昭和62年4月から「美しいふるさと運動」として、県民、事業者、関係団体、市町村等と連携し清掃活動を行っています。特に毎年5〜6月頃と9〜10月頃にプラごみゼロ・キャンペーン週間を設けており、県内各地が清掃活動を実施されています。
30年以上も清掃活動が継続されてきたのには、どういった背景があるのでしょうか?
水・川・清流という自然の財産を大切にする意識が強く、それを清流の国岐阜憲章として形にしていることが背景にありますね。岐阜県には、生活用水などの機能を持つ川を景観保全の観点からも大切にしようという意識があり、それが清掃活動継続を支えています。
2. サービス導入理由は、海洋ごみの発生原因となる散乱ごみ問題を県全体で共有するため
岐阜県内の若物をはじめ幅広い世代に海洋ごみ問題をはじめとする清掃活動など環境問題解決につながる行動を浸透させたい、というのが大きな理由です。

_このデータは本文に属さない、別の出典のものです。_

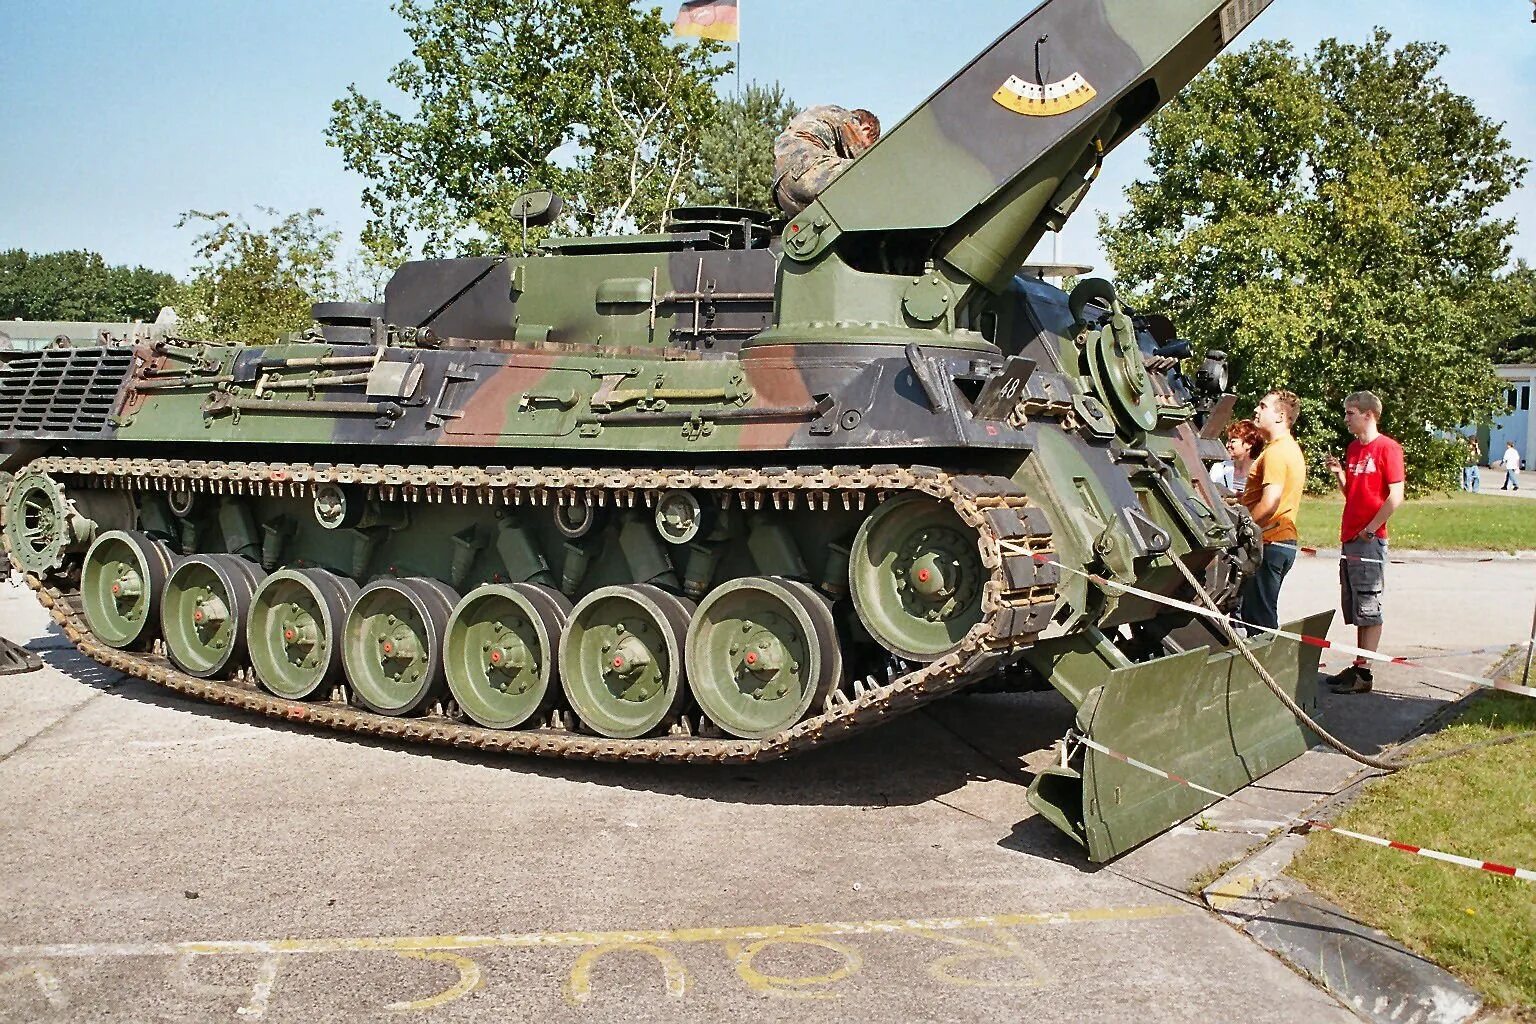 Bergepanzer 2a2. Брэм Бергепанцер-2. Брэм Bergepanzer 3. 2135 Брэм Bergepanzer 2a2. Ремонтно эвакуационная машина

G20大阪ブルー・オーシャン・ビジョンなどで海洋ごみ問題に注目が集まっていることを受け、「清流の国ぎふ」として美しい川の保全に気を使っていることもあり、岐阜県は内陸県ながら、海洋ごみ問題解決に関する地域計画を作りました。岐阜県の環境に関する県民等意識調査では、
- 20代のうち清掃活動に従事している人は1割に満たないこと
- 環境問題について「何をどう行動すればよいか分からない」と感じている方が4割を占めること
などが明らかになりました。県として環境問題の啓発に取り組んではいましたが、若い世代をはじめ十分に浸透していないのが実態でした。
若者への清掃活動の浸透方法を考える中、大学での出前講座で「どんなきっかけがあれば清掃活動に取り組みますか?」と聴講者に質問したところ、「自分たちが普段使うようなSNSからなら取り組めそう」と声があり、清掃活動に関するツールを探す中でSNSピリカを知りました。ゲーム感覚で取り組めて若者も気軽に参加しやすいのではないかと考え、SNSピリカの活用を考えました。
まず最初に導入いただいたタカノメ 徒歩版について、導入理由をお聞かせください。
清掃活動という具体的な行動をしてもらうときに「どこをやったらいいのか」「どれだけ綺麗になったのか」が地図として見えると、県民の方にとって取り組みやすいと考えたからです。これは、前述の若者への清掃活動の普及啓発のためにも有効だと考えました。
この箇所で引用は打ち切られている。